I imagined a common scenario: I'm going to a friend's birthday party. I want to wear something fun and that I feel great in, but I certainly don't want to wear the exact same thing I wore to the last three parties, even if it is my favorite. The system needed to understand the human desire for variety.

The solution was the "Recency Penalty Heuristic". When looking for a saved outfit, the engine first identifies a pool of all valid candidates that meet the day's requirements. Then, it ranks them by when they were last worn and applies a penalty. The most recently worn outfit has its score cut in half. The second-most recent gets a smaller penalty, and so on. This simple rule allows the system to intelligently rotate through my best options, ensuring that a great, but forgotten, outfit gets its chance to shine.

Part 5: The Spark of Creation: A Ghost in the Machine

The final and most ambitious step was to teach the system to create something entirely new. The second recommendation panel is now powered by a generation engine that assembles a novel outfit from individual items, piece by piece.

This was a deep dive into rule-based creation, forcing me to define the very essence of cohesion:

  • Color Harmony: I already document the primary and accent colors of every piece of clothing I own in Hex format. But... I needed to pin down which color group it actually belongs to. The engine now uses the CIELAB Delta E (dE2000) color science formula to calculate the perceptual distance between colors, allowing it to "fuzzily" identify if a color is a shade of off-white, charcoal, or beige. This lets it enforce a classic style rule: a coherent outfit should have one main color, supported by any number of these identified neutrals.

  • Probabilistic Layering: The system now understands how to layer for the weather. On a day with a large temperature swing, it knows a removable Outerwear piece is a better choice than a Knitwear piece and will probabilistically favor it. On a consistently cool day, it leans towards a cozy sweater. It also understands that a knitwear piece demands an undergarment, automatically adding one to the final outfit.

  • The Gauntlet: To ensure quality, the engine runs a tournament. It generates twenty random-but-plausible outfits, scores each one against all the cohesion and requirement rules, and presents only the single highest-scoring winner.
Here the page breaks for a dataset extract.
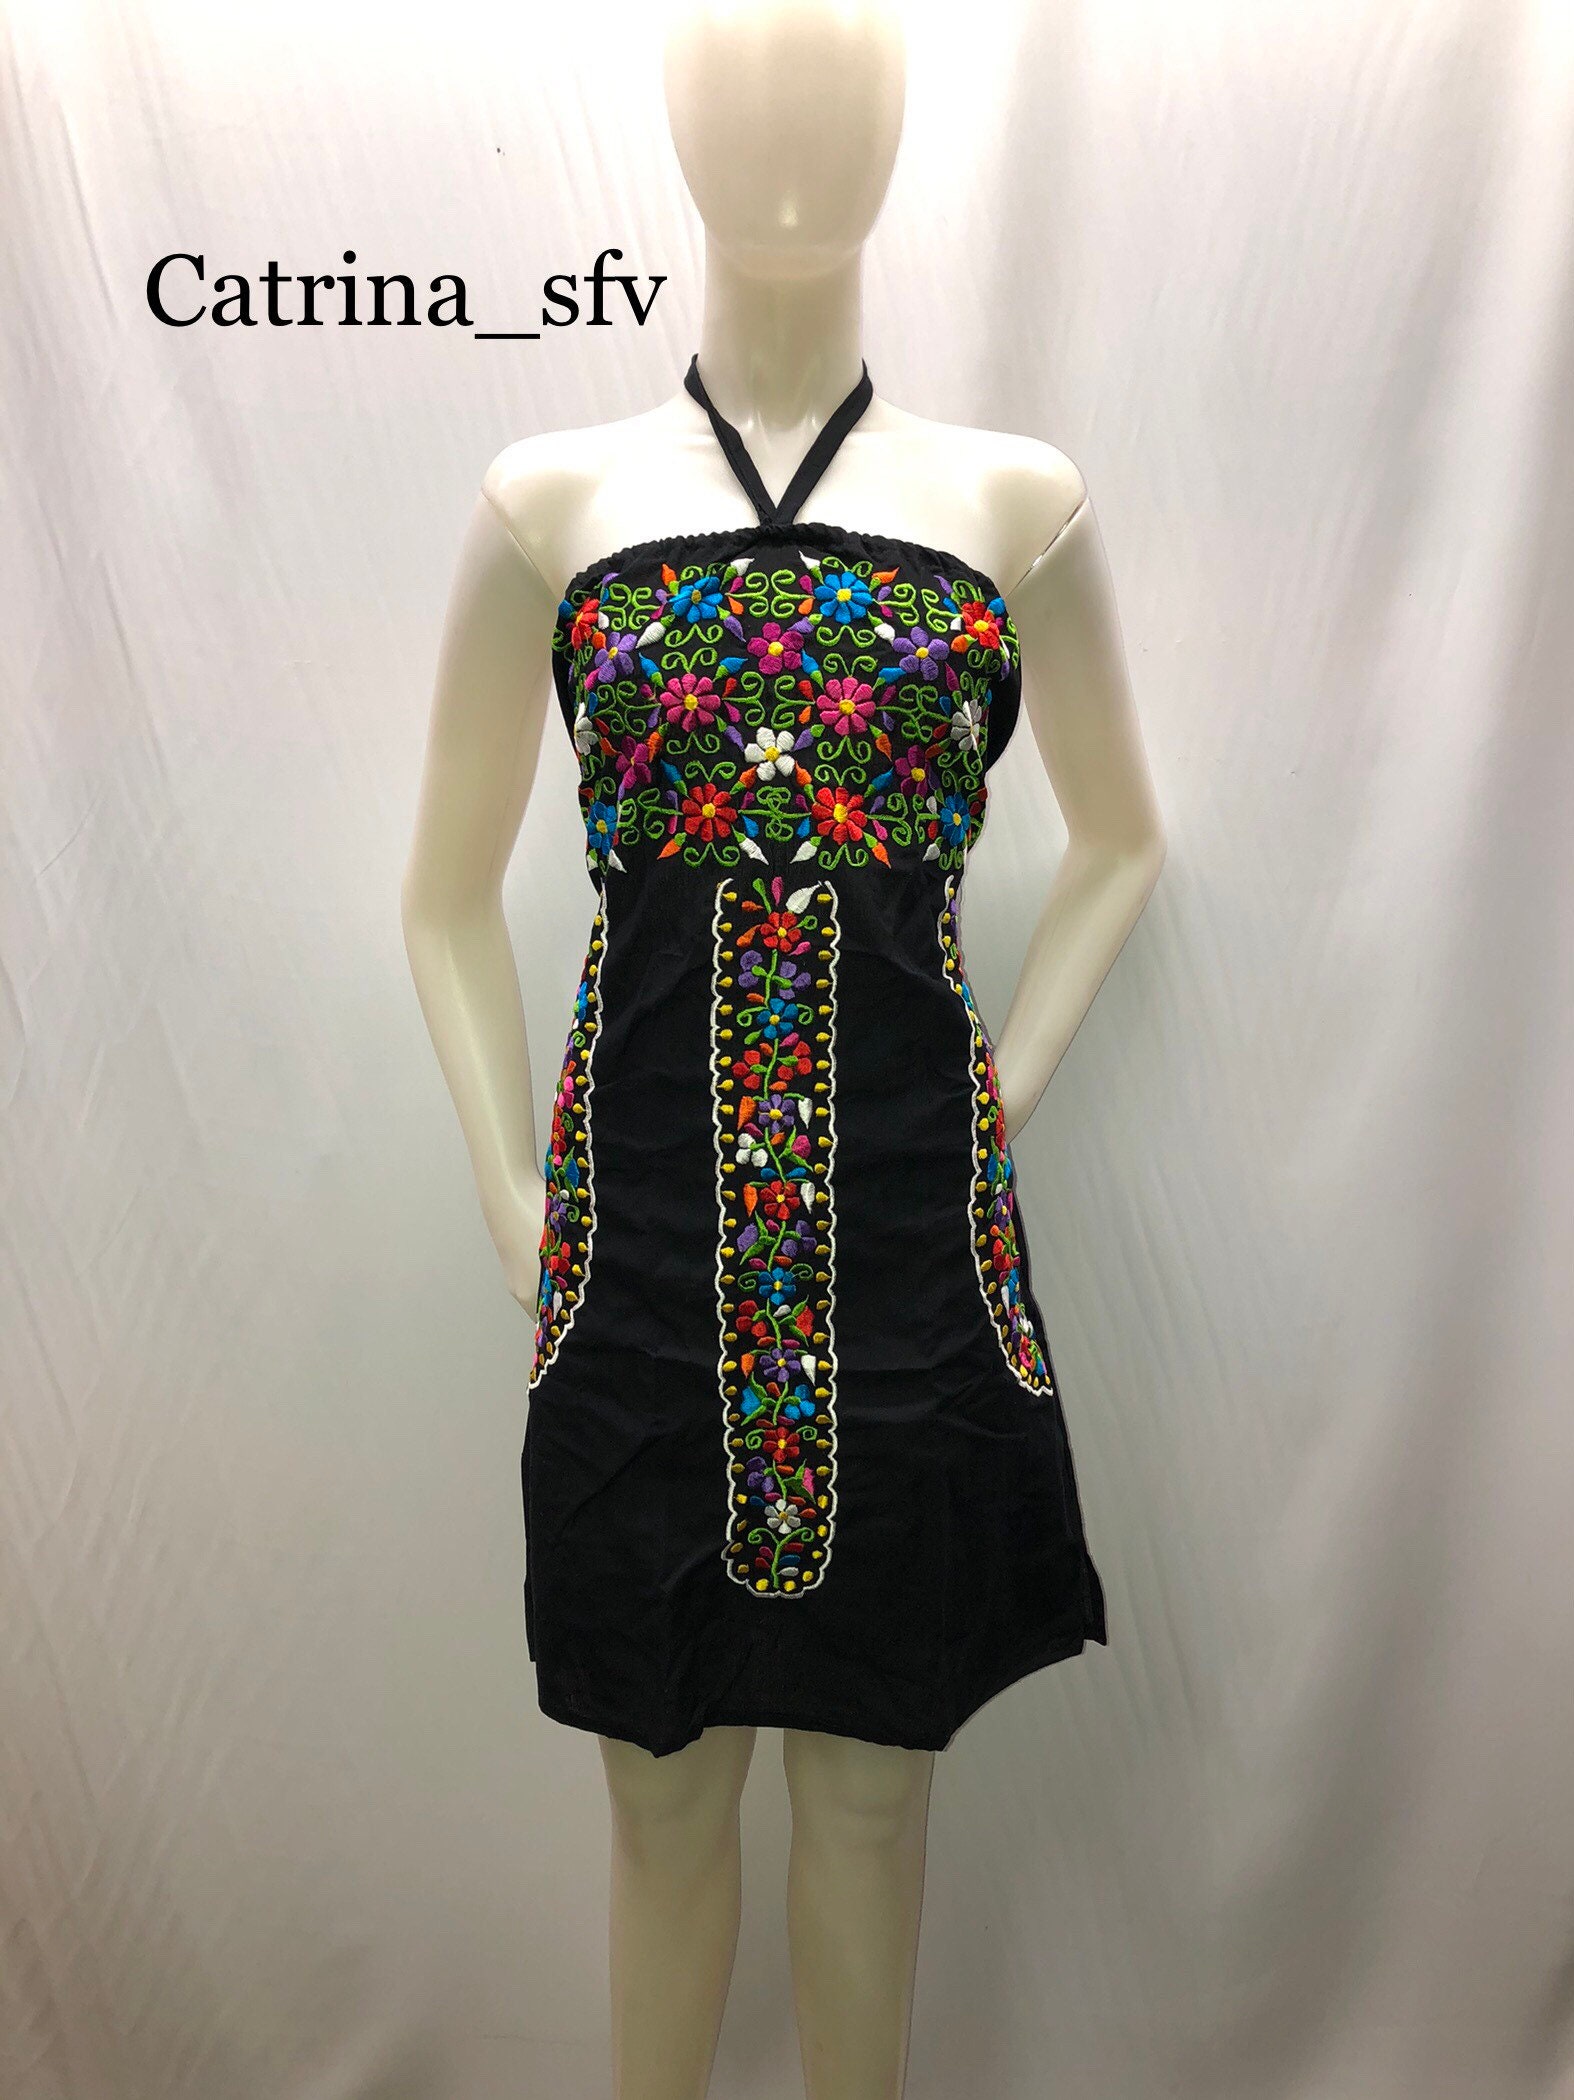 Vestido mexicano, vestido negro bordado, off the shoulders dress, vestido artesanal, vestido típico, mexicano dress, fiesta mexicana GRATIS EN ESTADOS UNIDOS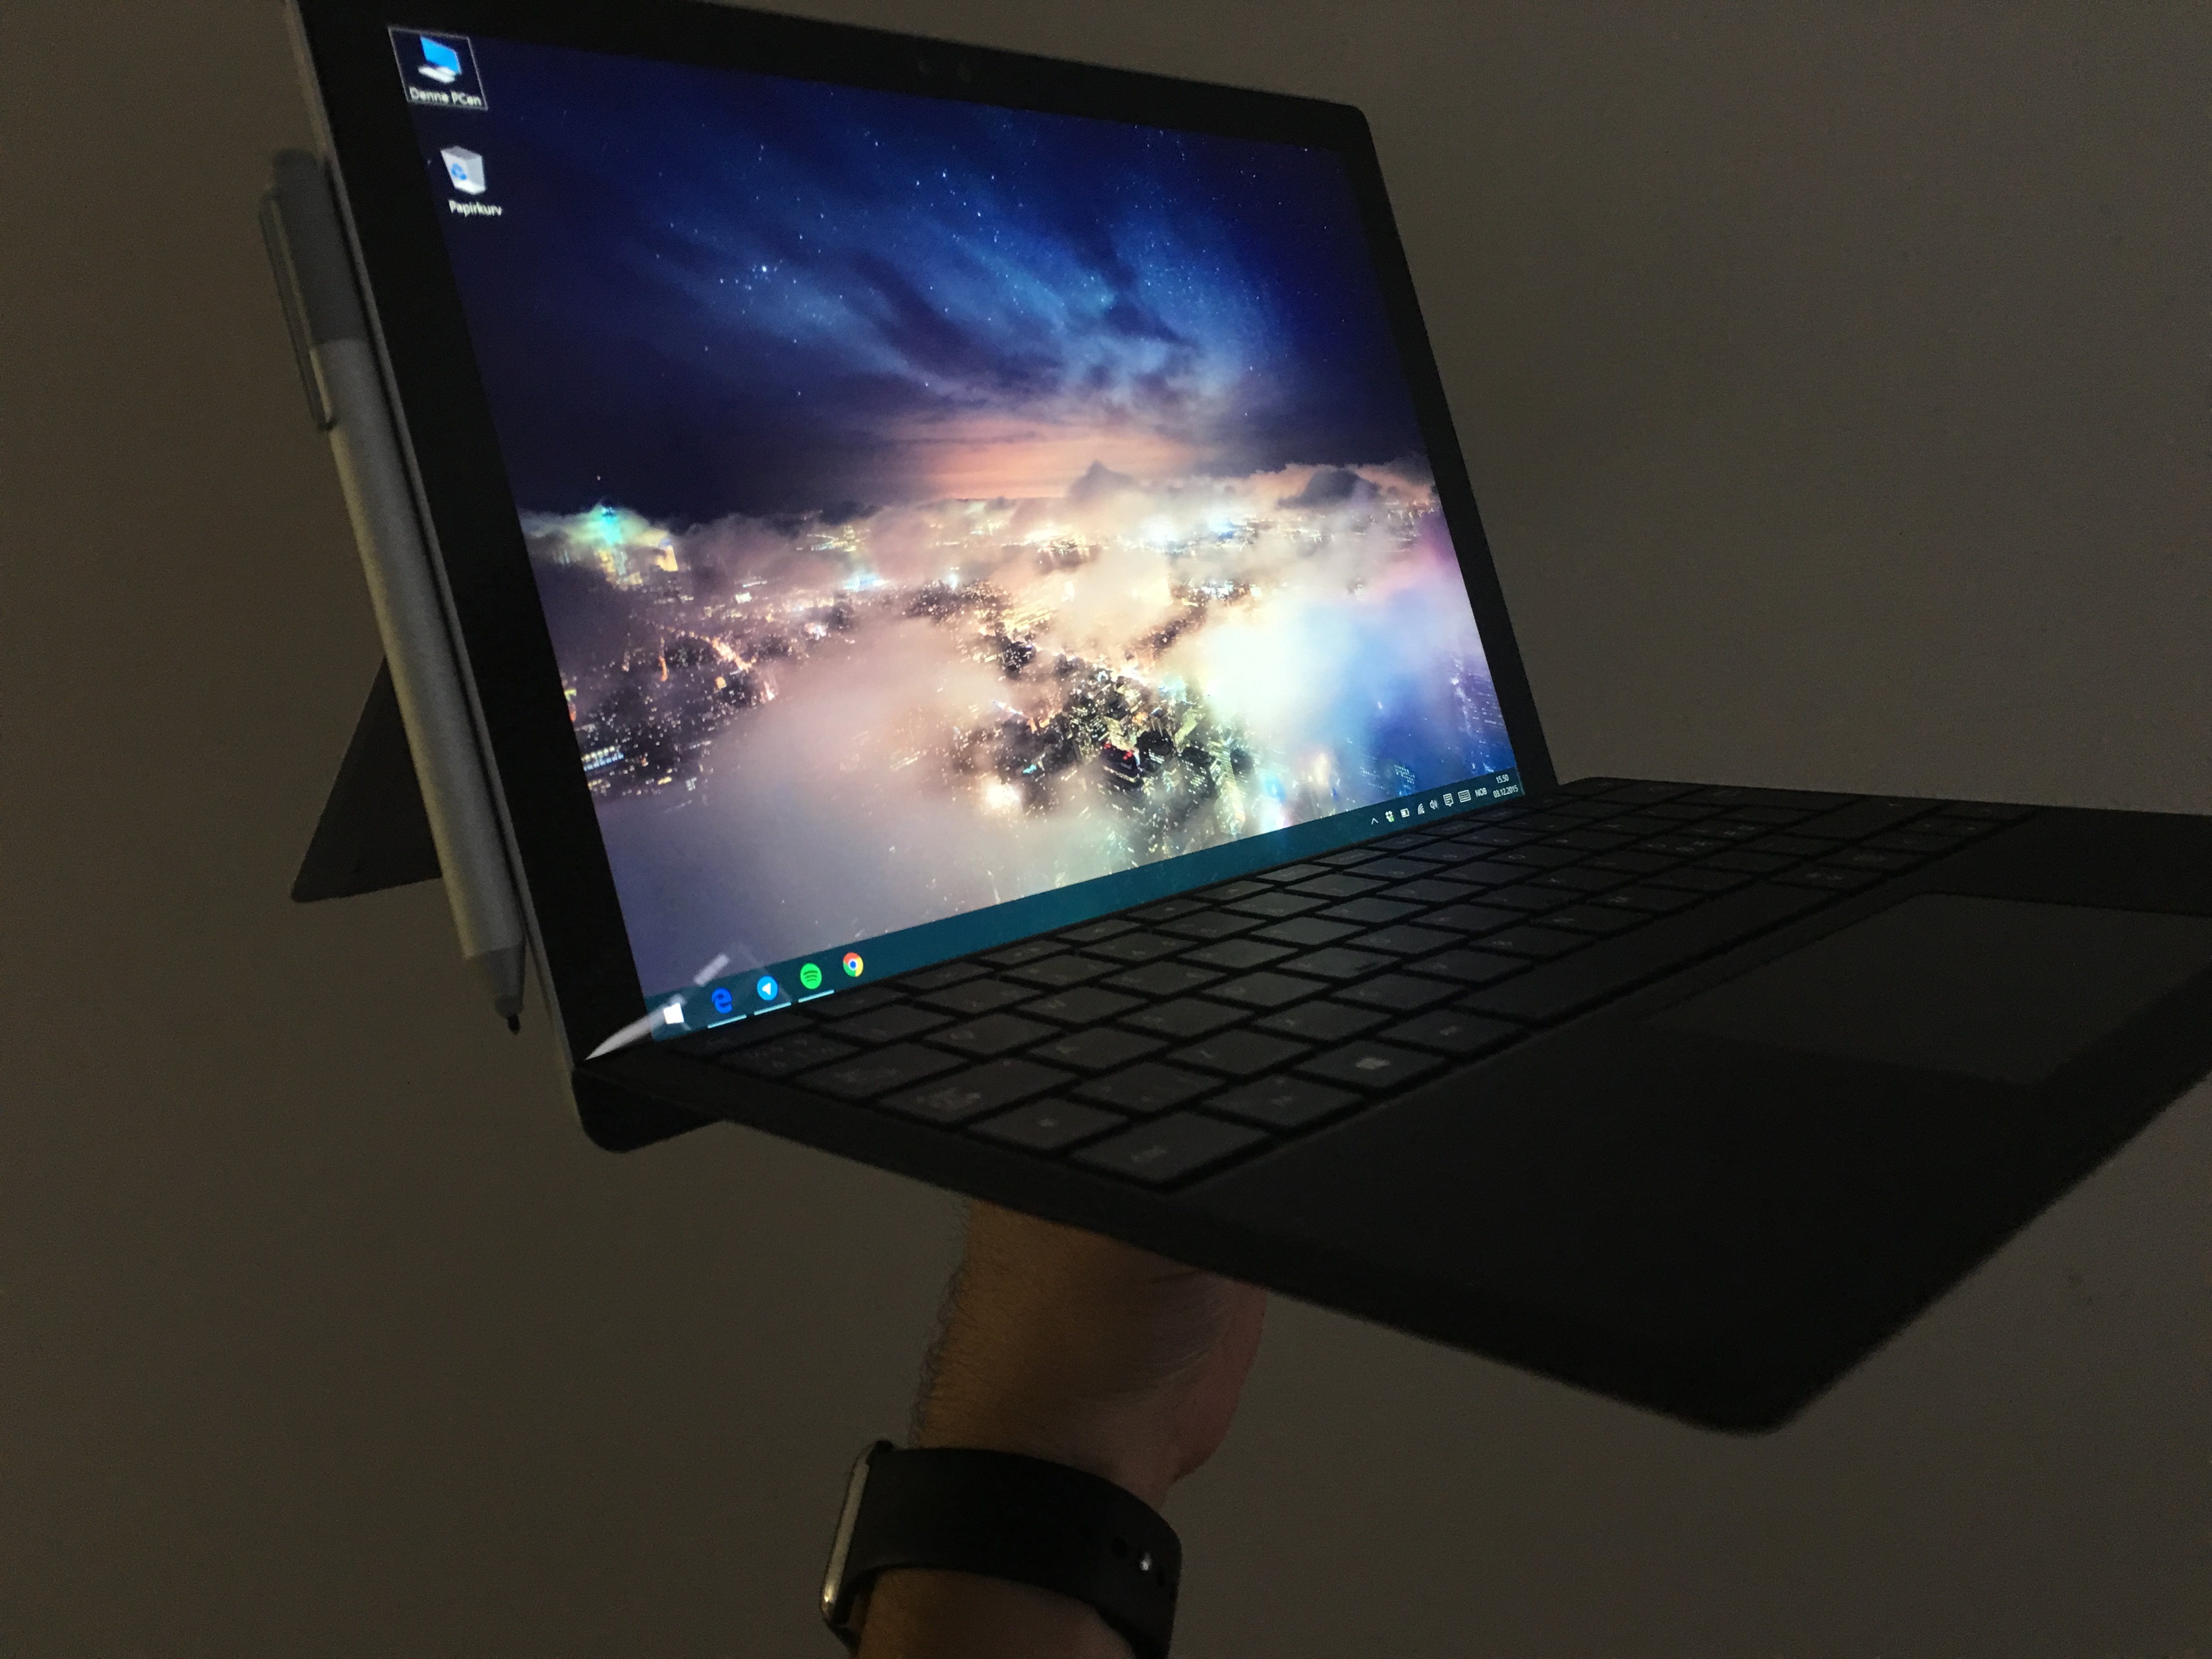 Surface Pro 4 hadde vært kongen av hybrider og bærbare hadde den bare hatt fem timer bedre batterlievetid. Likevel er dette et svært godt produkt - det sier mye om potensialet.

The "re-roll" button lets me instantly run this tournament again, a constant source of fresh inspiration.

Screenshot of the Recommended Outfits

A Catalyst for Creativity

After four weeks of fairly intense development, my wardrobe app is no longer just a catalog. It has become a true sparring partner for style. The goal was never to replace the satisfaction of putting together a great outfit, but to augment it. The app is now a system that respects the history of my collection and can surface forgotten favorites or suggest surprising starting points I might not have considered on my own.

It's the perfect fusion of my two passions: a deep appreciation for the art of dressing well, and the engineering drive to build a system that understands and elevates that. For the first time, my mountain of data isn't just sitting there. It's talking back. And it occasionally has some pretty good ideas.